Russia to Supply Uranium to IAEA Bank in Kazakhstan

The International Atomic Energy Agency (IAEA) and Russia have signed an agreement on the transport of low-enriched uranium and equipment necessary for the functioning of IAEA’s Low Enriched Uranium Bank (LEU) in Kazakhstan, Forbes Kazakhstan reports.

The contract was signed yesterday during the 62nd IAEA General Conference being held in Vienna this week by Mark Bassett, IAEA LEU Bank executive, and Oleg Kozin, deputy director general of Tenex, which is a subsidiary of Russia’s state-owned nuclear giant Rosatom.

Announcing the contract signing, the IAEA noted that the Bank will host a reserve of LEU and act as a supplier of last resort for IAEA Member States in case the supply of LEU to a nuclear power plant is disrupted due to exceptional circumstances and the Member State is unable to secure LEU from the commercial market or by any other means.

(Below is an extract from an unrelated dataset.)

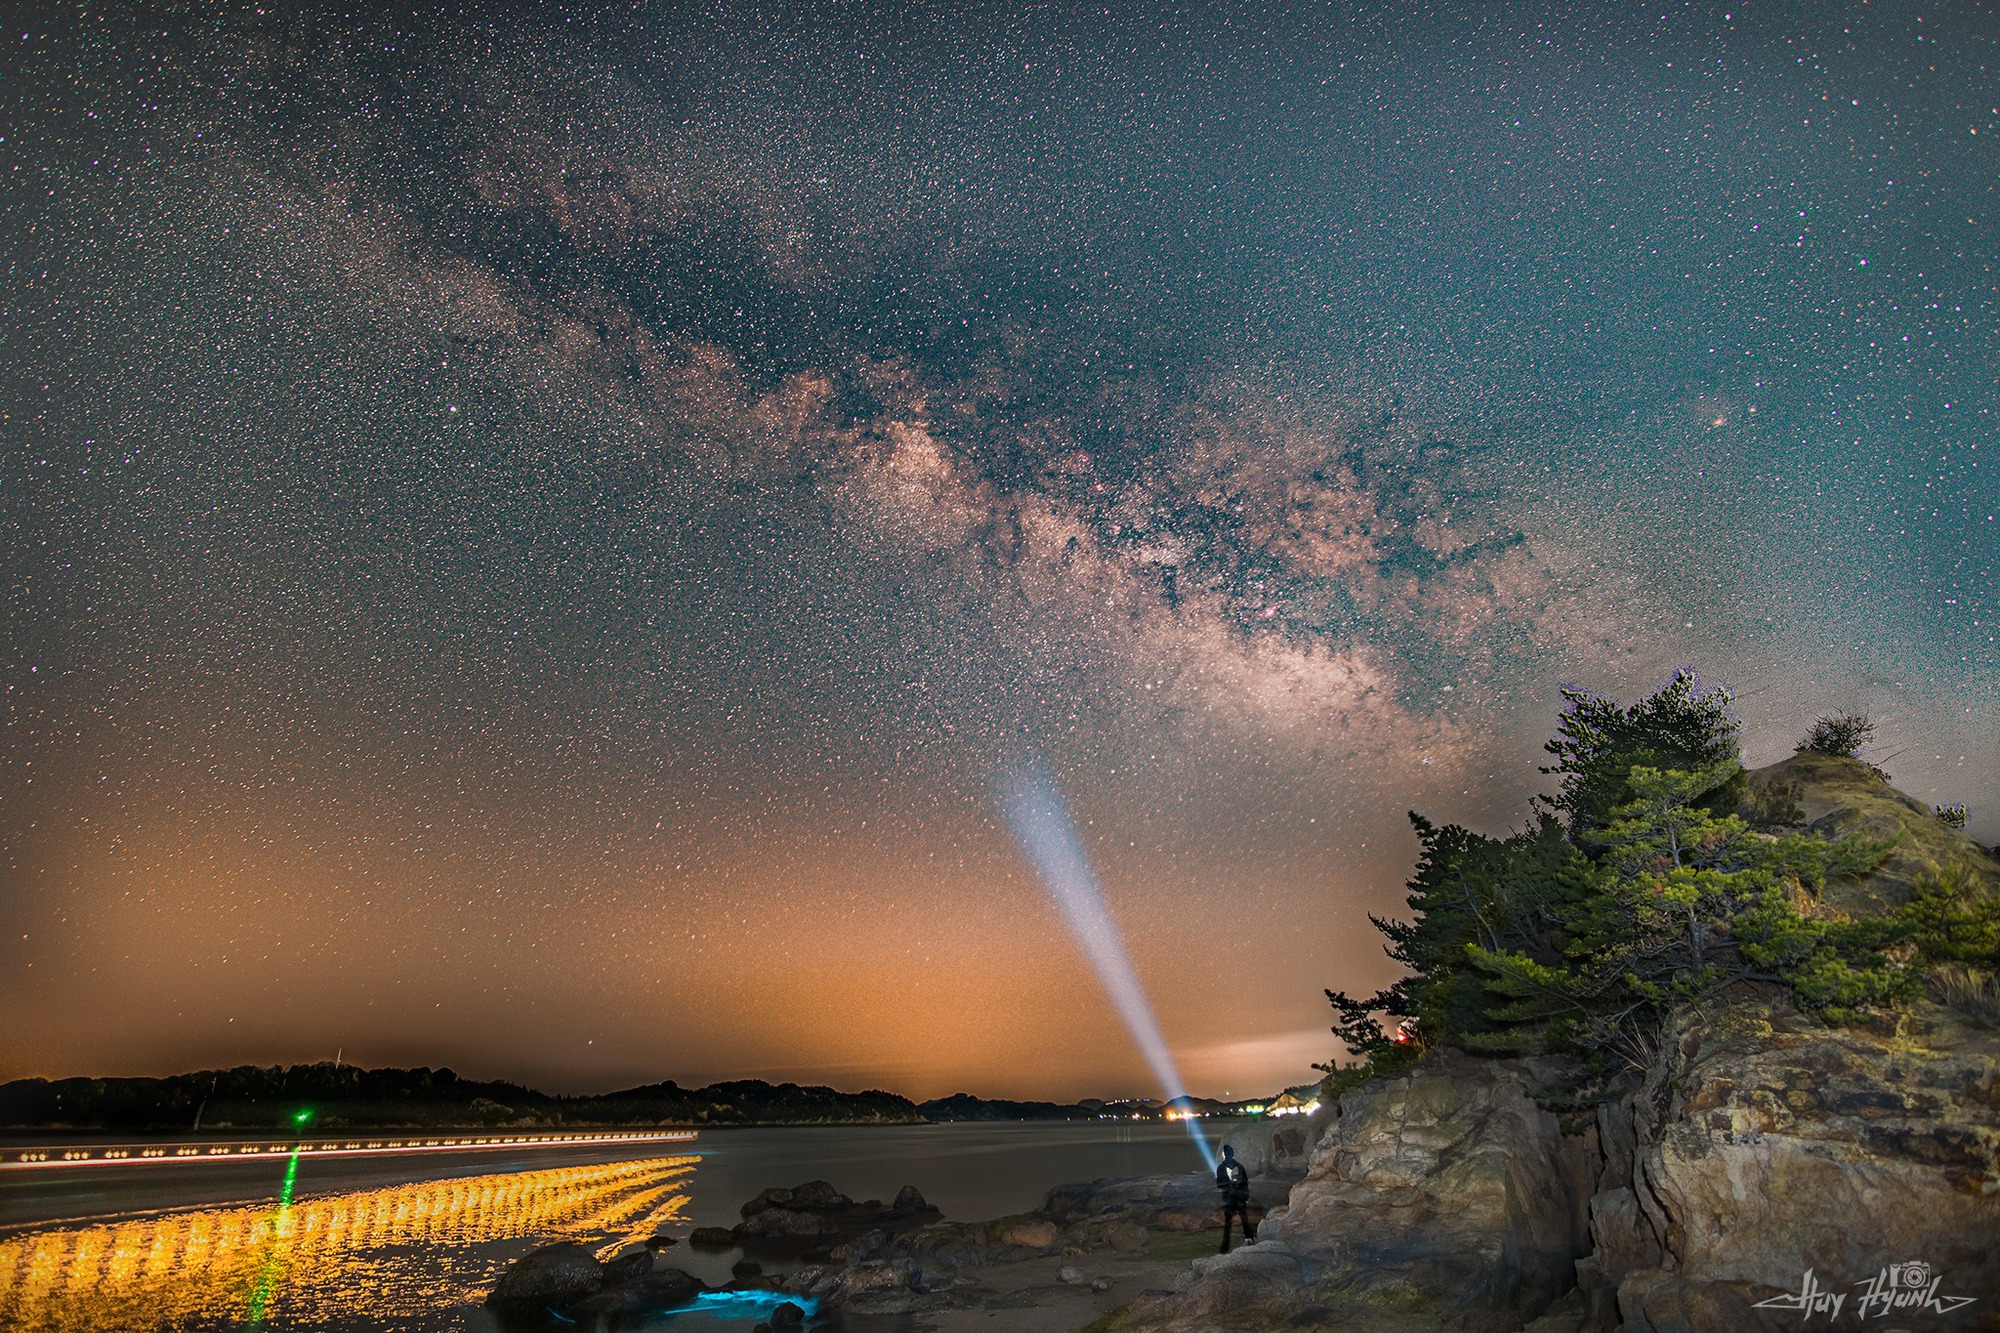 Đẹp mê hồn bộ ảnh chụp bầu trời đêm Nhật Bản của chàng trai miền Tây   - Ảnh 8.

LEU is the basic ingredient used to fabricate fuel for most nuclear power reactors.

The storage facility for the LEU Bank was inaugurated in August last year in a ceremony attended by Nursultan Nazarbayev, the president of Kazakhstan, and Yukiya Amano, the director general of the IAEA.

It is an 880-square meter high-security warehouse at the Ulba Metallurgical Plant (UMP) in Ust-Kamenogorsk, Kazakhstan. It is owned and managed by UMP.